DESCRIPTION OF THE TASK: Reproduce the listing exactly. Omit pictures.

─── INFORMATION PROVIDED

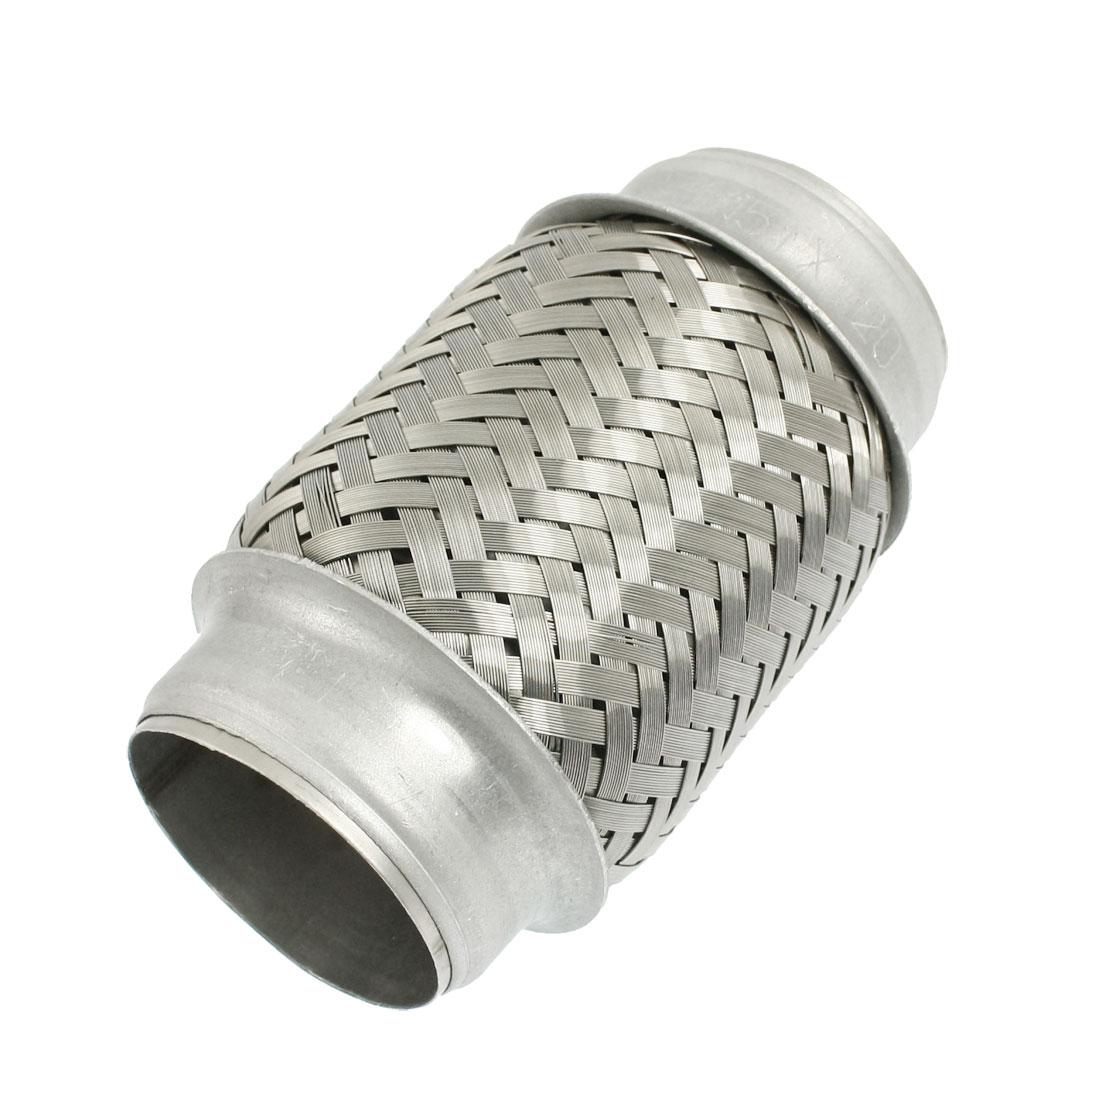 Silver Tone Car Exhaust Pipe Silencer Muffler Tip 51mm x 120mm
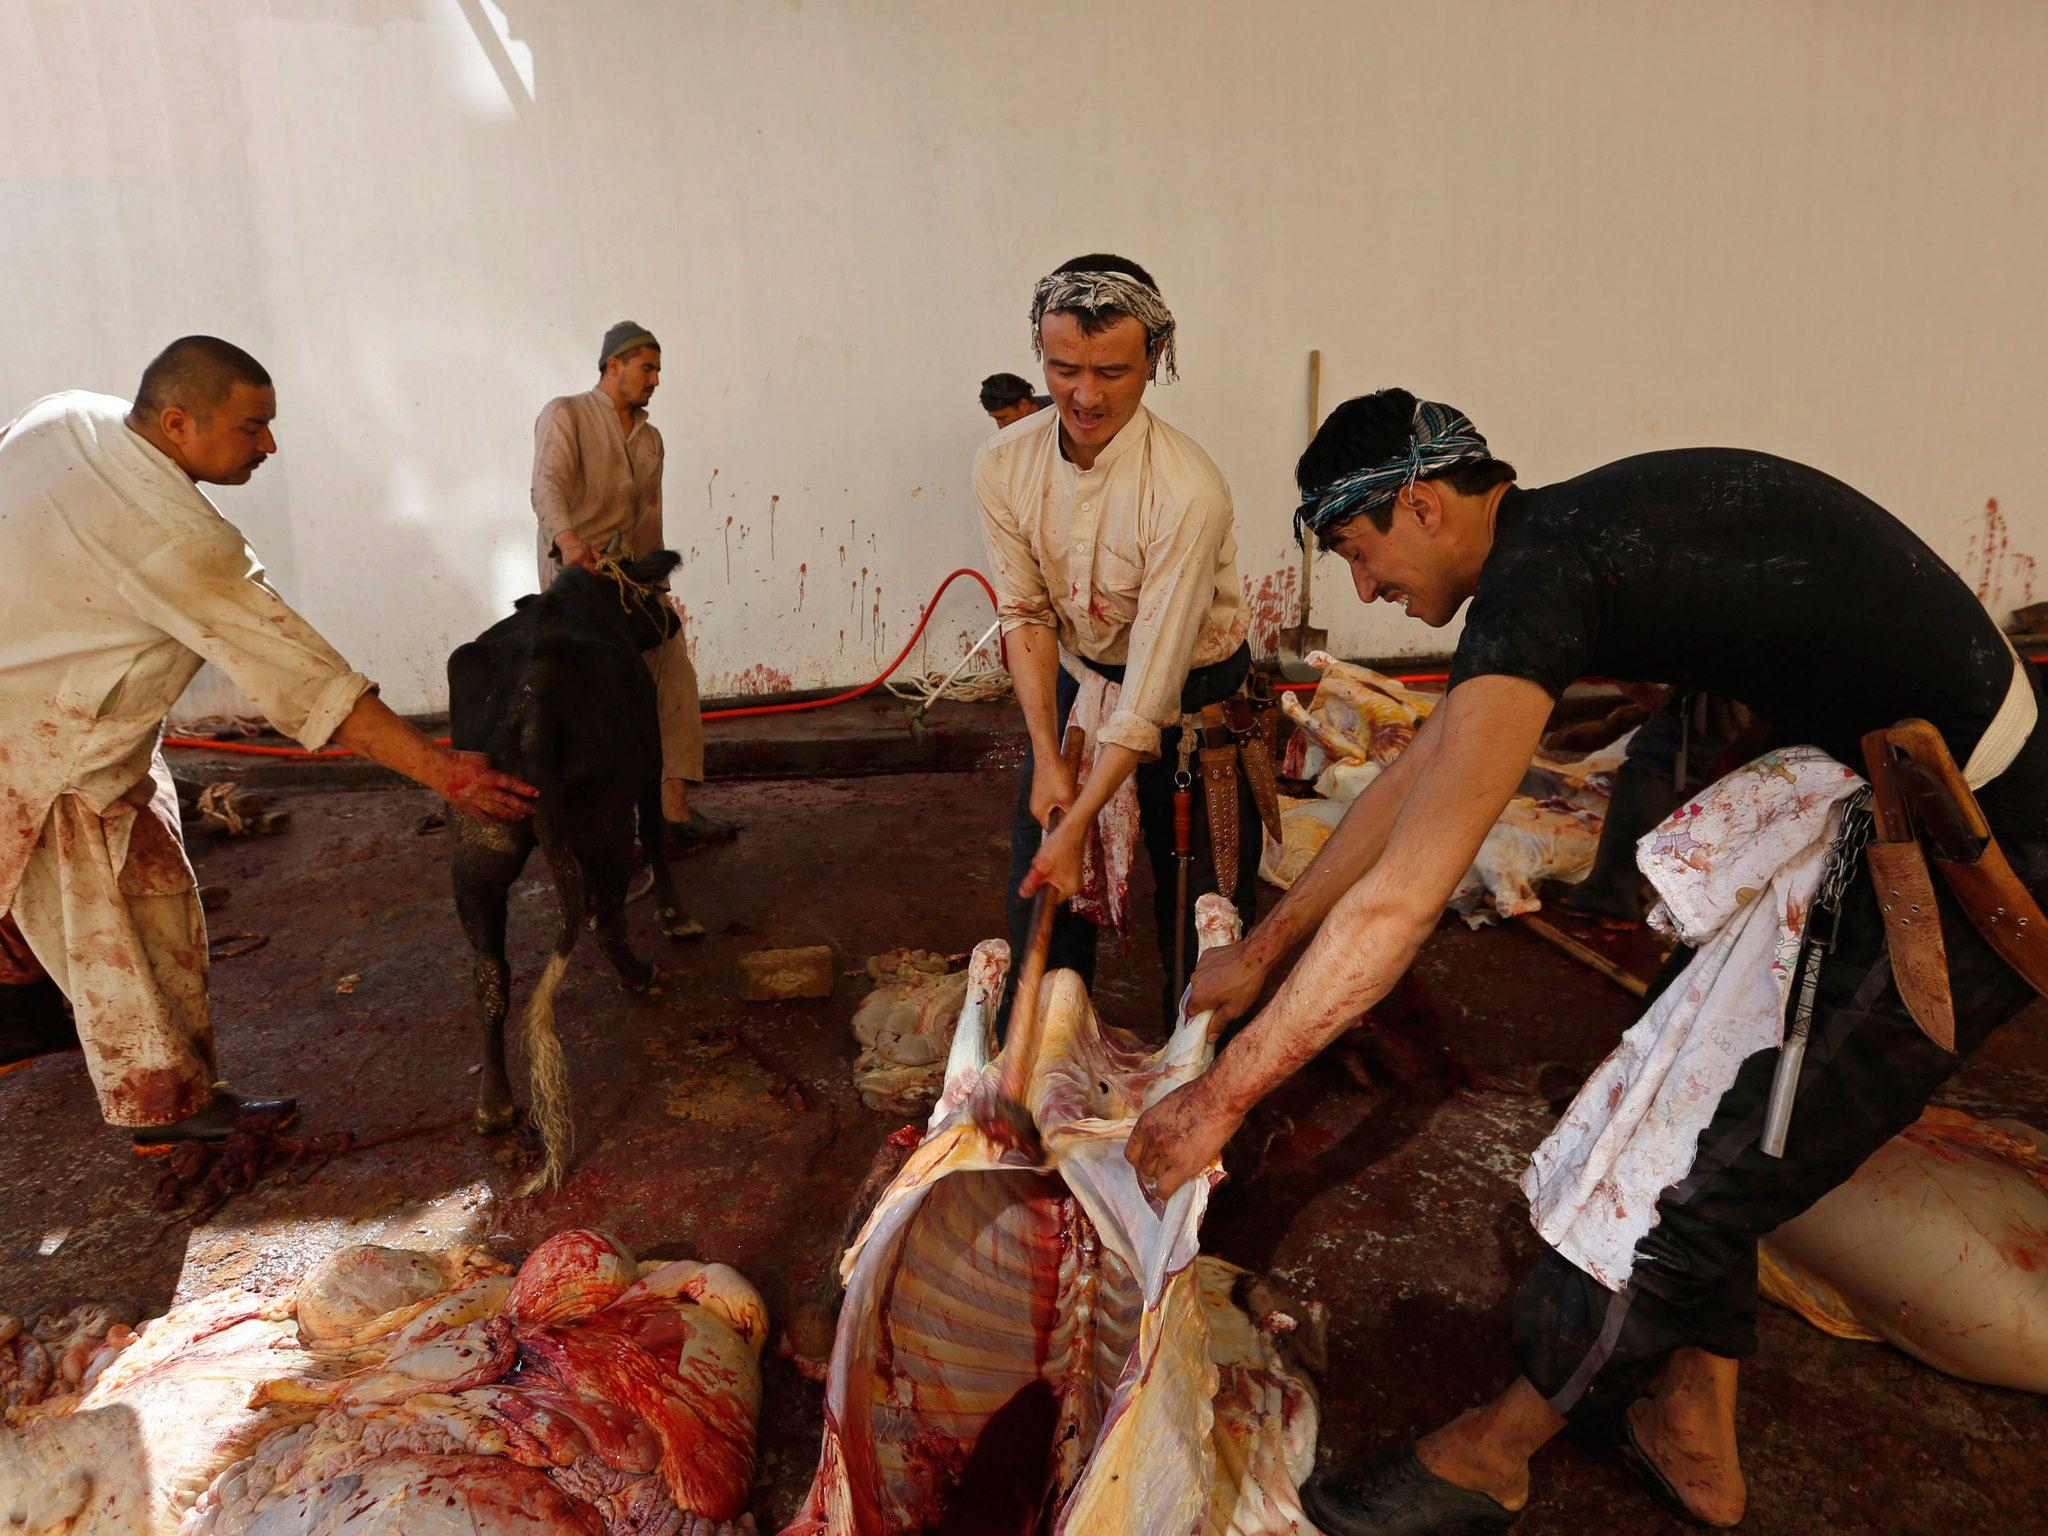 Eid Mubarak 2014: What is Eid al-Adha and why is sacrifice
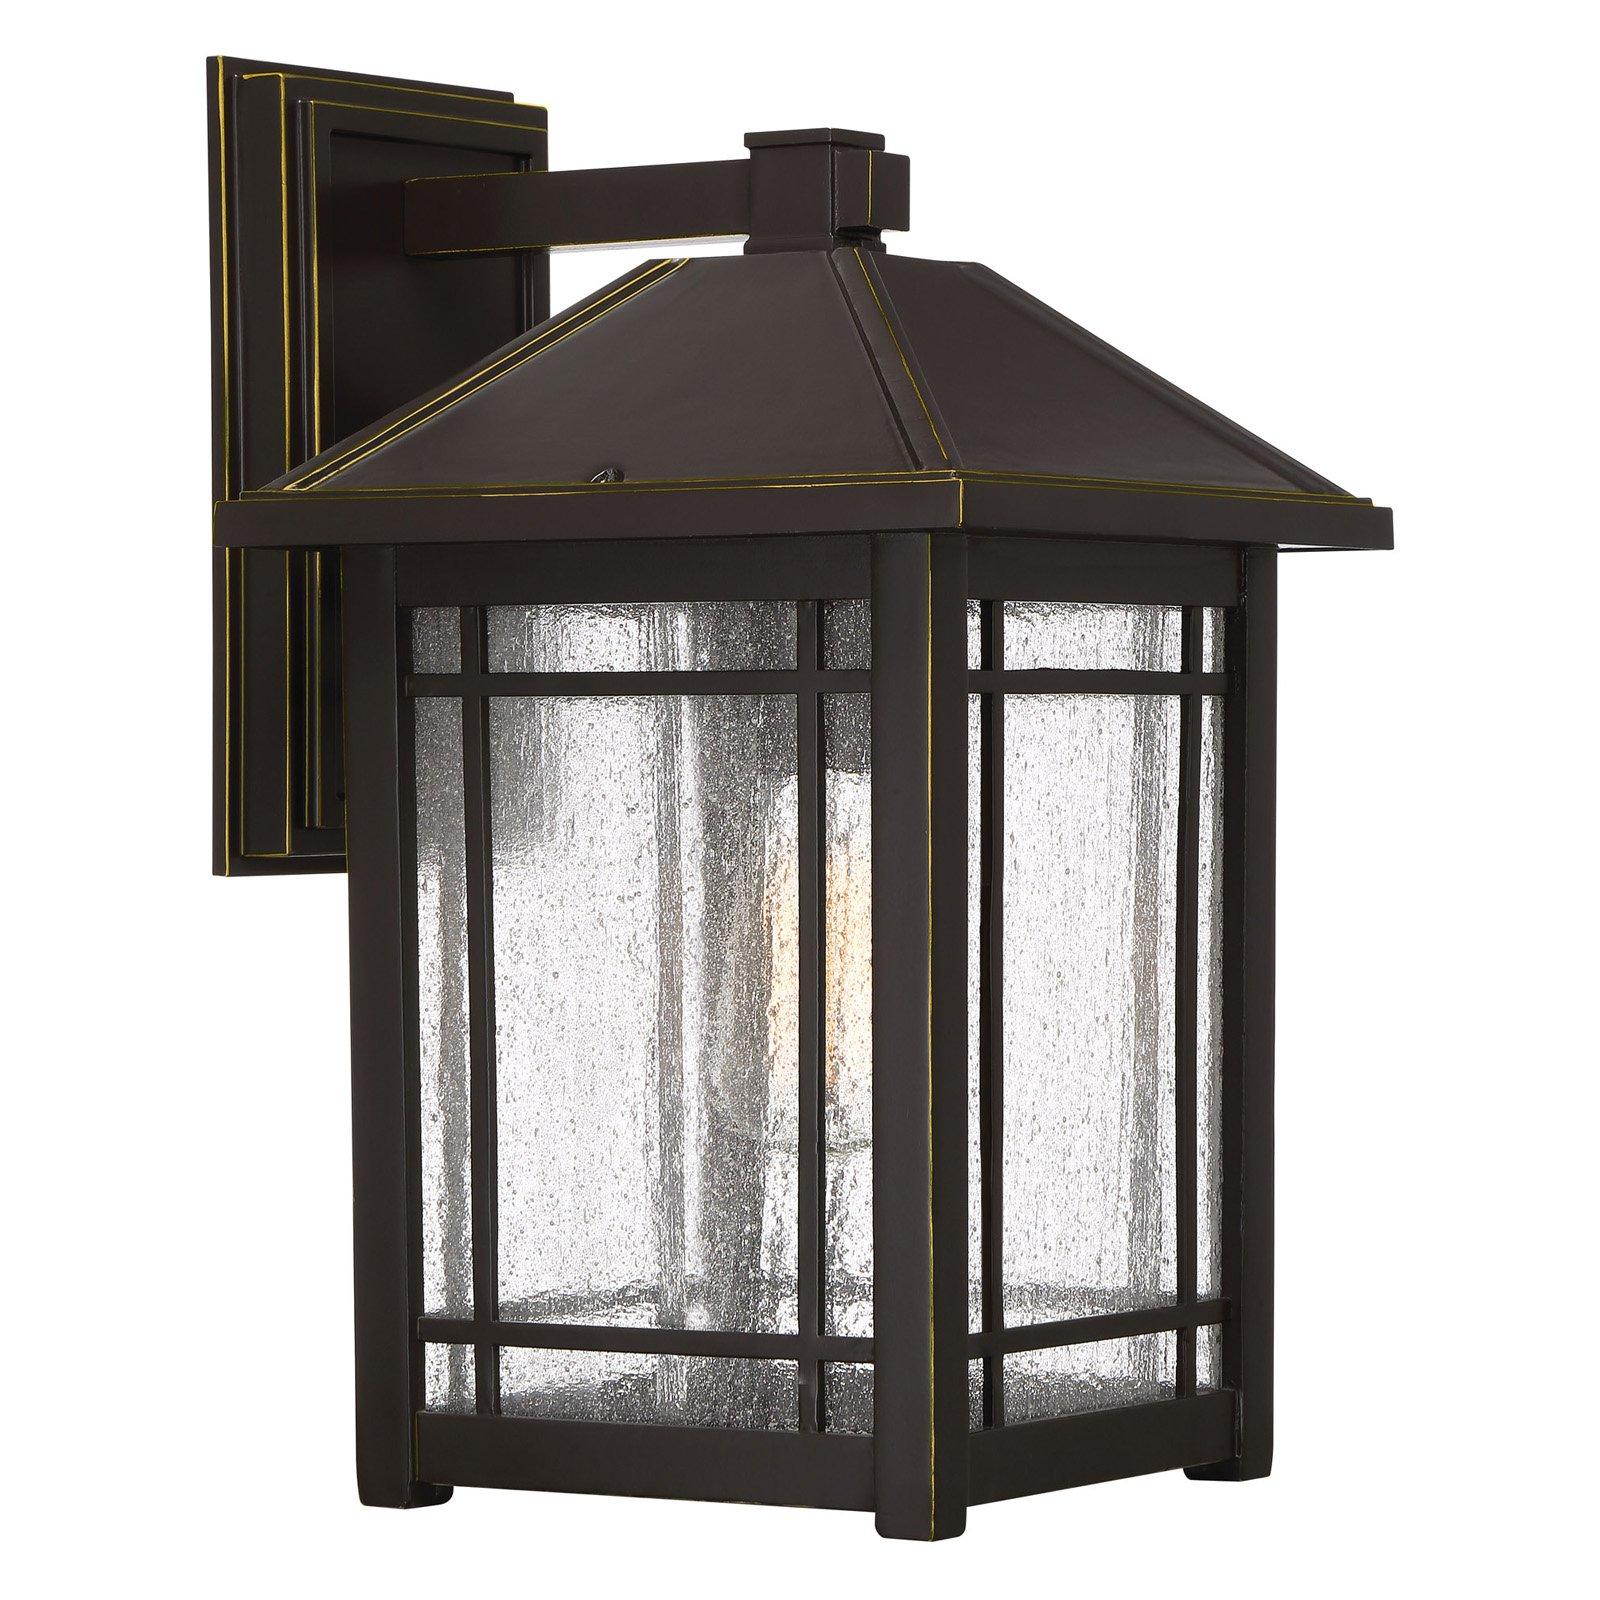 Quoizel Cedar Point CPT84 Outdoor Wall Lantern

──────

EXERCISE RESPONSE:
 Silver Tone Car Exhaust Pipe Silencer Muffler Tip 51mm x 120mm
 Eid Mubarak 2014: What is Eid al-Adha and why is sacrifice
 Quoizel Cedar Point CPT84 Outdoor Wall Lantern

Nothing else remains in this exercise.